NOTICIA: Se prohíbe a Meta (Facebook e Instagram) utilizar datos personales con fines publicitarios. Golpe importante al modelo de negocio de Meta en Europa, tras el litigio de noyb . Multa para Meta multiplicada por más de diez, de 32 a 390 millones de euros. Tercer caso pendiente sobre WhatsApp.
Tal y como ha confirmado el CPD irlandés, la Junta Europea de Protección de Datos (JEPD) ha rechazado que el CPD irlandés y Meta se salten el RGPD basándose en las denuncias de noyb contra Facebook e Instagram. Meta tiene ahora prohibido saltarse el GDPR a través de una cláusula en los términos y condiciones. Meta debe obtener el consentimiento"para la publicidad personalizada y debe ofrecer a los usuarios una opción de "sí/no". La decisión sobre un tercer caso paralelo sobre WhatsApp se retrasa hasta mediados de enero.
- Vídeo explicativo sobre el bypass de Meta (de diciembre de 2022)
- Denuncias originales de noyb de 2018
- Reportaje anterior sobre las primeras informaciones sobre la decisión de la EDPB (Reuters)
Hechos clave:
- Dos denuncias presentadas por noyb en nombre de un usuario austriaco y belga el 25 de mayo de 2018 (el día en que entró en vigor el GDPR) han sido resueltas hoy.
- Una tercera queja sobre WhatsApp en nombre de un usuario alemán se retrasó a mediados de enero, según un correo electrónico del CPD.
- Meta intentó "eludir" el requisito de consentimiento del GDPR añadiendo una cláusula a los términos y condiciones de la publicidad.
- En diciembre de 2022, la JEPD revocó un proyecto de decisión anterior del CPD irlandés que consideraba que la elusión del RGPD por parte de Meta era legal.
- La decisión final exige que Meta no pueda utilizar datos personales para anuncios basados en un supuesto "contrato". Por lo tanto, los usuarios deben disponer de una opción de consentimiento sí/no ("opt-in"), de lo contrario Meta no podrá utilizar sus datos para anuncios personalizados.
- La decisión no prohíbe otras formas de publicidad (como los anuncios contextuales, basados en el contenido de una página).
- Además de constatar que el uso de datos personales por parte de Meta era ilegal desde mayo de 2018.
- La multa a Facebook e Instragram asciende a 380 millones de euros. Es de esperar una multa adicional para WhatsApp en el procedimiento paralelo.
Meta quería "saltarse" el GDPR. El GDPR permite seis bases legales para procesar datos, una de las cuales es el consentimiento en virtud del artículo 6, apartado 1, letra a).
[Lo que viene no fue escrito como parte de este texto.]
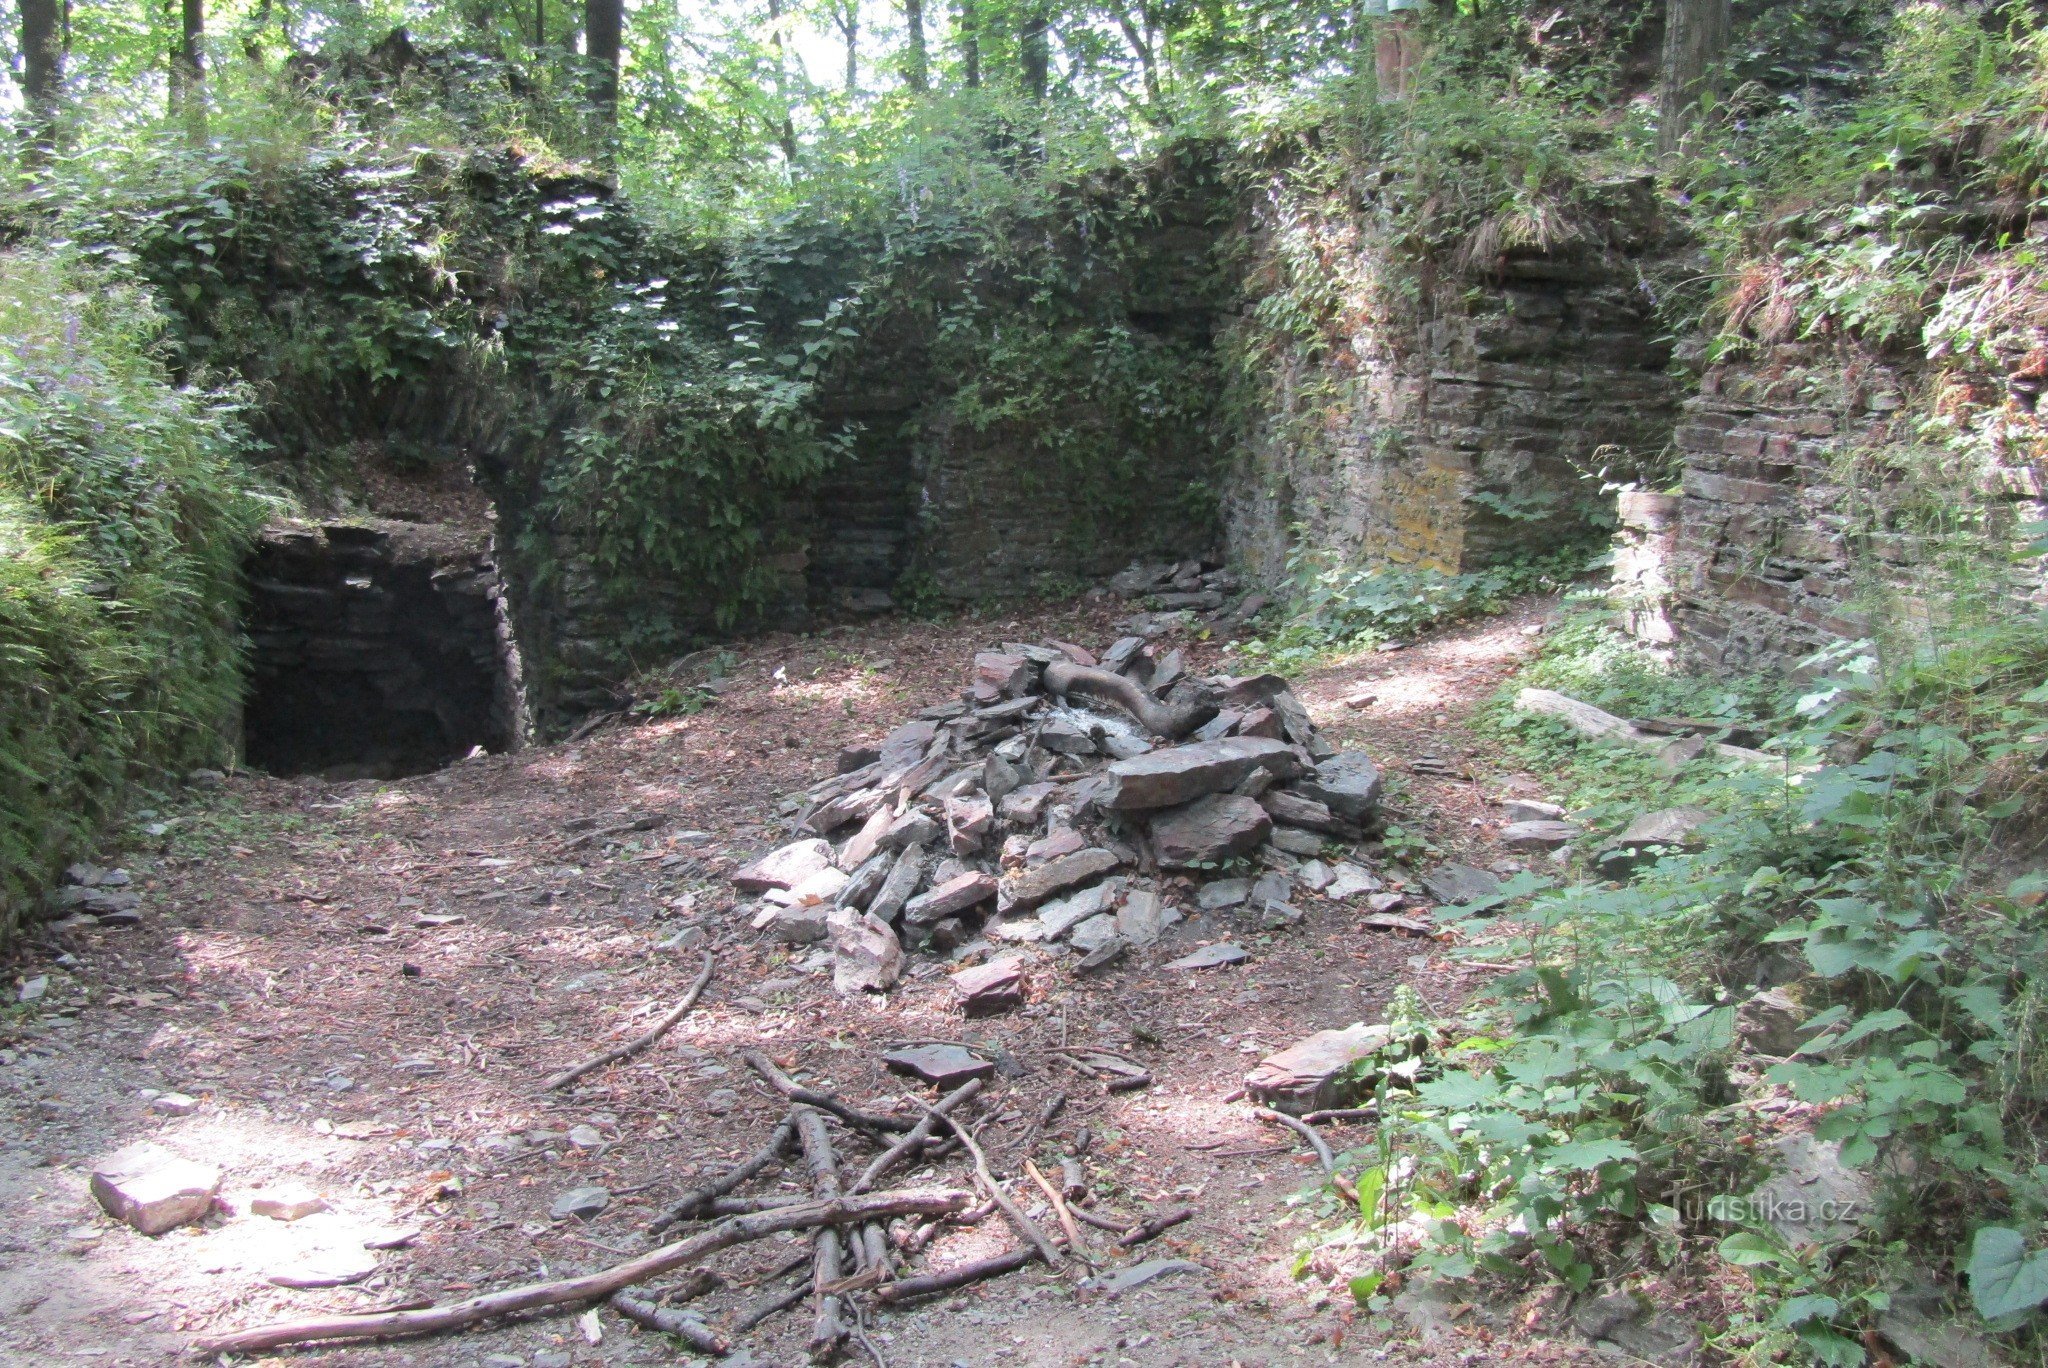 Till ruinerna av Drahotuš slott
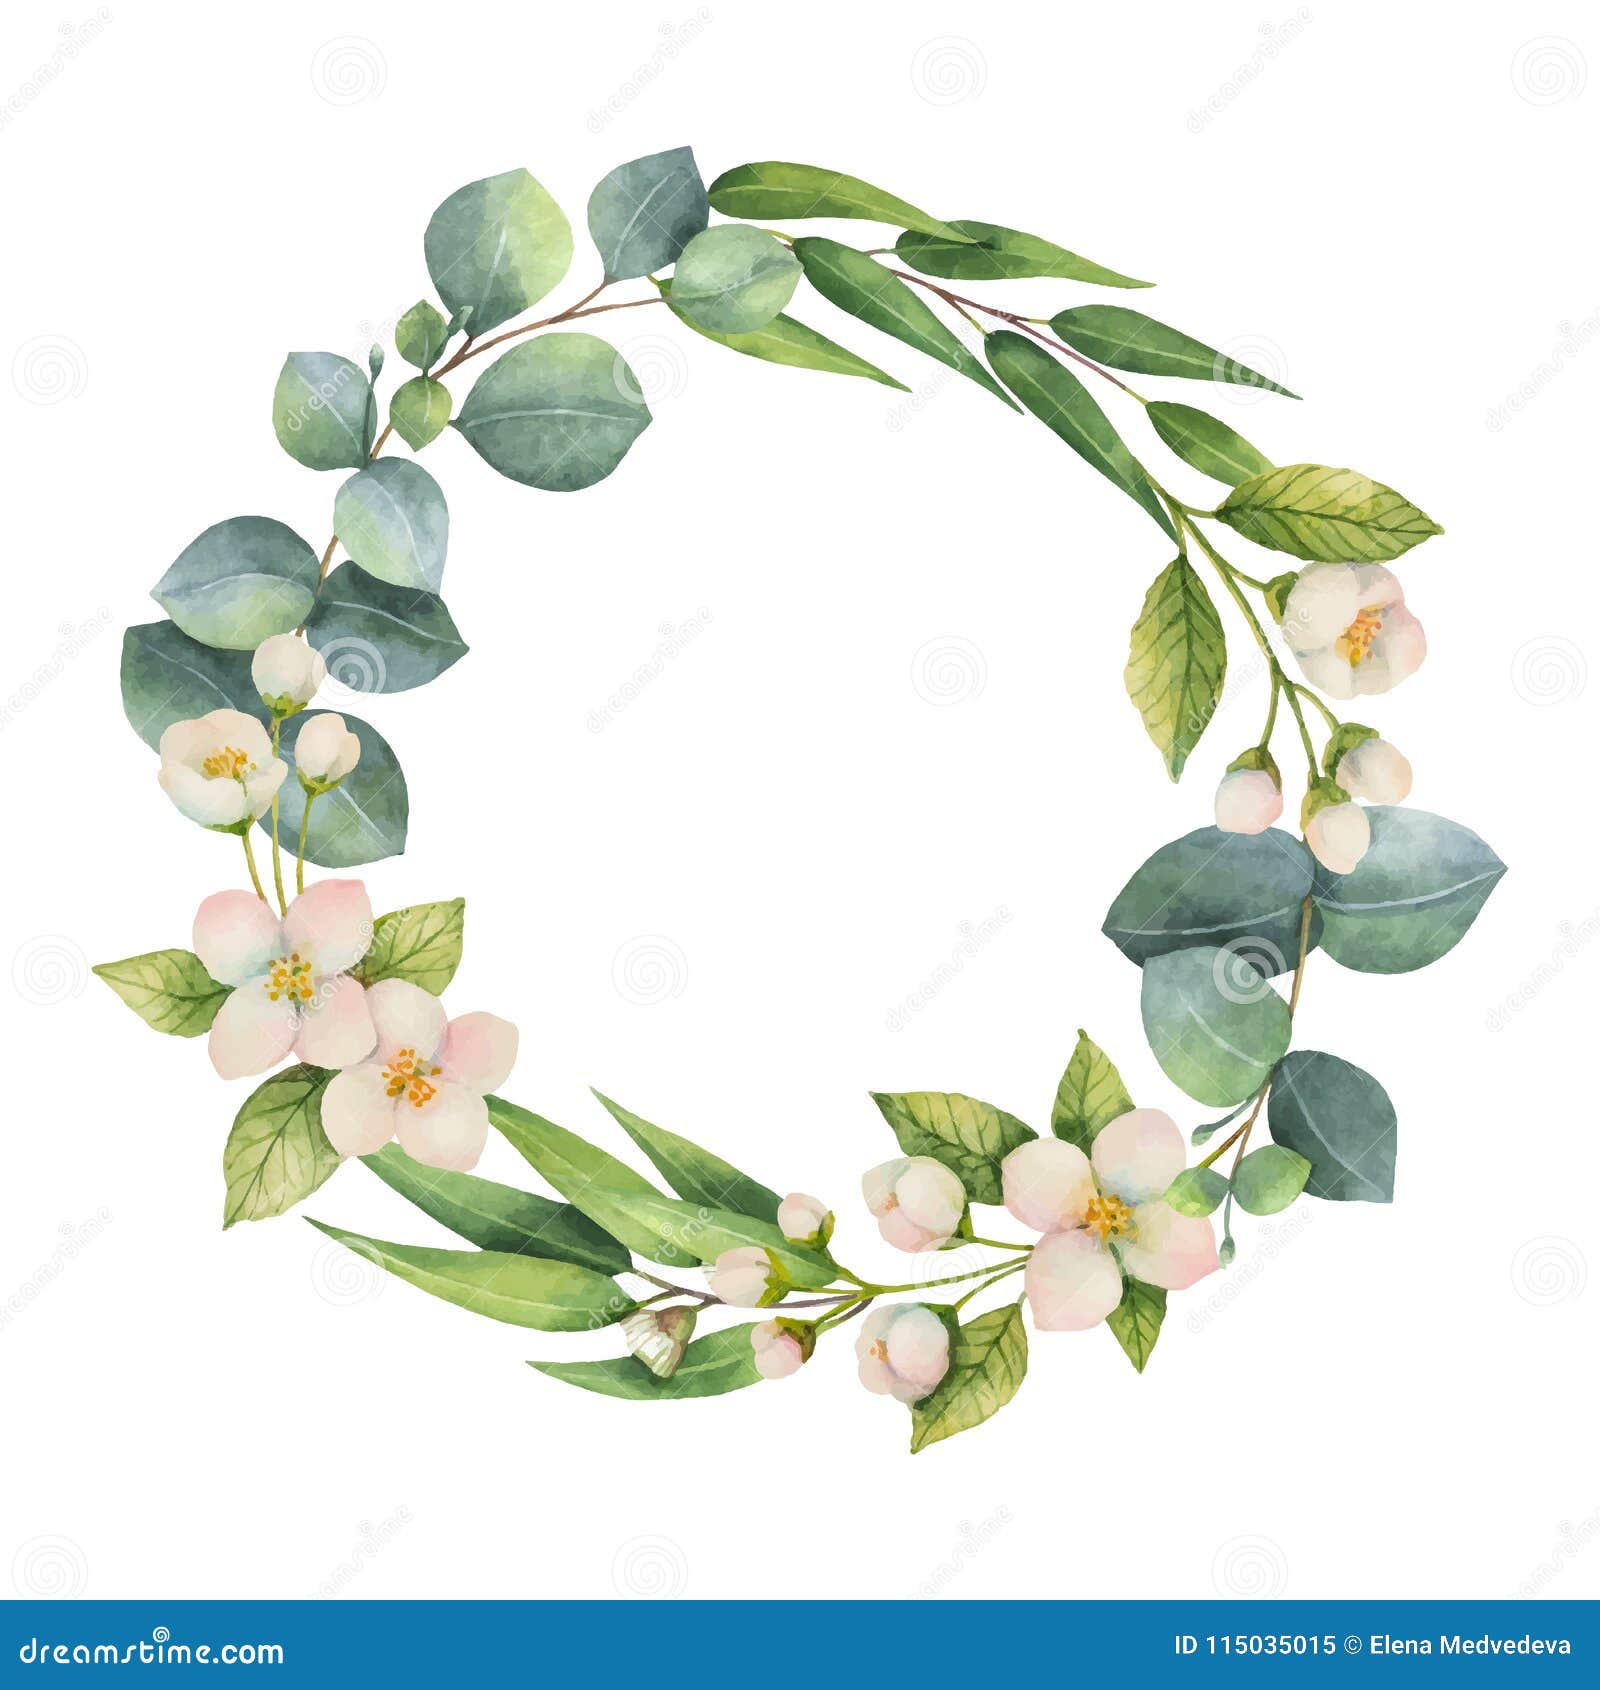 Watercolor vector wreath with green eucalyptus leaves, Jasmine flowers and branches. E Wiosna lub lato kwitniemy dla zaproszenia, ślubu lub kartka z pozdrowieniami,

Meta intentó eludir el requisito de consentimiento para el seguimiento y la publicidad en línea argumentando que los anuncios forman parte del "servicio" que contractualmente debe a los usuarios. El supuesto cambio de base jurídica se produjo exactamente el 25 de mayo de 2018 a medianoche, cuando entró en vigor el GDPR. La llamada "necesidad contractual" en virtud del artículo 6, apartado 1, letra b), suele entenderse de forma restrictiva y, por ejemplo, permitiría a una tienda online reenviar la dirección a un servicio postal, ya que es estrictamente necesario para entregar un pedido. Meta, sin embargo, opinó que podría limitarse a añadir elementos aleatorios al contrato (como publicidad personalizada), para evitar una opción de consentimiento sí/no para los usuarios.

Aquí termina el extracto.